Это ж надо – Моцарт?!
     Ещё через несколько минут на то же место вернулся полный музыкальный позор, и Валерий Иванович открыл глаза, собирая себя к старту. «Стайер», в общем, был готов… Но перед ним оказались молодые «сириустяне». По пантомиме и некоторым звукам он понял, что здесь, в отличие от той планеты, с которой он родом, не очень относятся к старикам.
     – Бабки есть?! Чудовище! – прямо в лицо выдохнул мальчик.
     – Не знаю… – ответил Валерий Иванович и получил кулаком в лицо. Лицо упало и разбилось. «Сириустяне» возбудились и, поджигая себя фотовспышками, стали дегустировать уничтожение замешкавшегося «стайера».
     Валерий Иванович, пока был ещё в сознании, выл в себя, как в колодец, от немощи и физического бессилия… От обиды, причиняющей ему значительно больше боли, чем эти мальчики, его убийцы.

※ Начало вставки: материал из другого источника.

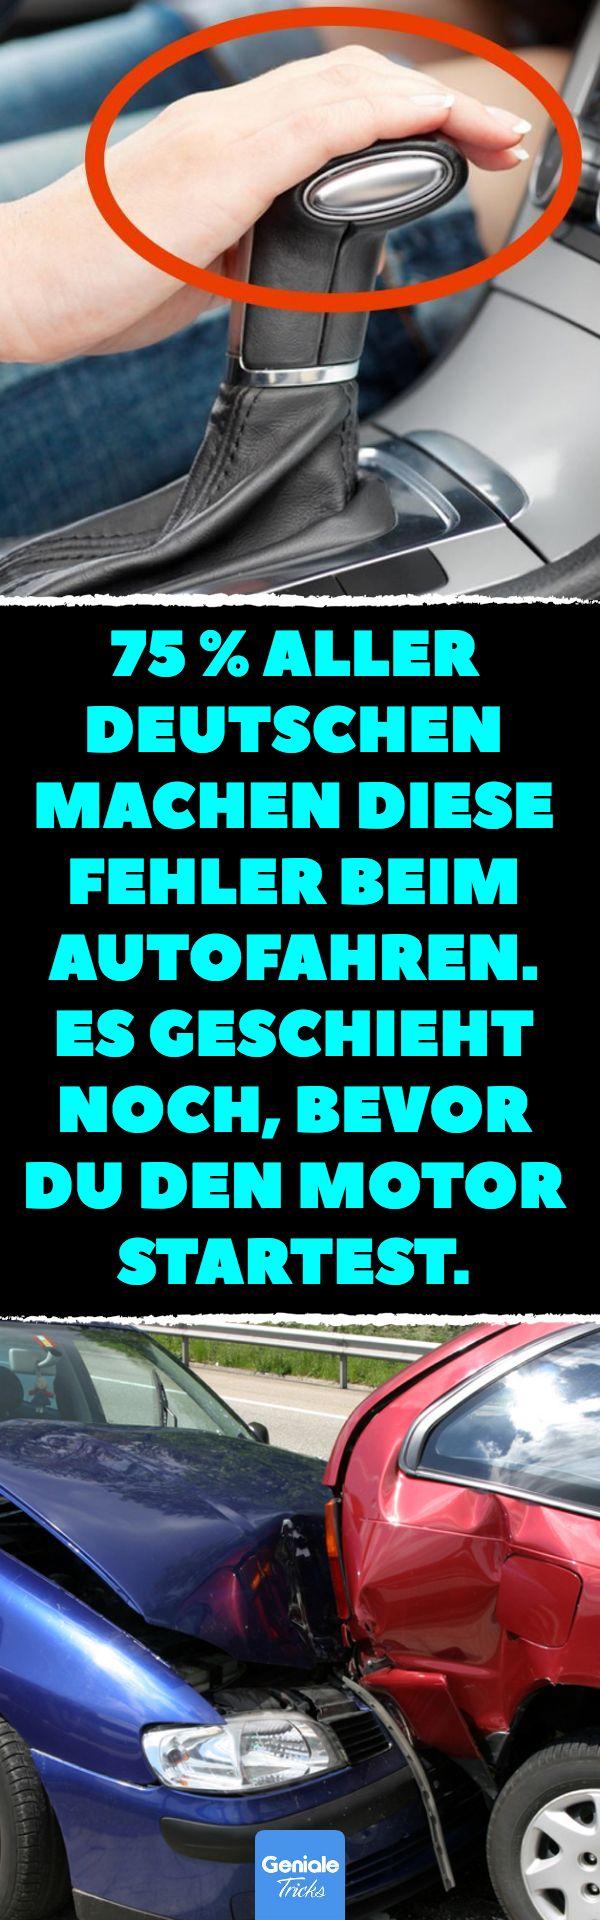 75 % aller Deutschen machen diese Fehler beim Autofahren. Es geschieht noch, bev… – Moni H.

     Потом они вспомнили про деньги и остановились, весело обыскали его, забрав то, что им было нужно, и, как фартовые охотники, поставив на умирающего Валерия Ивановича одну ногу от каждого, сфотографировались с «поверженной тушей инопланетянина». Хорошо, подоспел ангел и вывел недавнего официанта покурить на веранду, чтобы тот увидел эту сцену и вызвал скорую и полицию. Просто вызвал, и всё, не разбираясь, что там к чему, – на этом его миссия закончилась.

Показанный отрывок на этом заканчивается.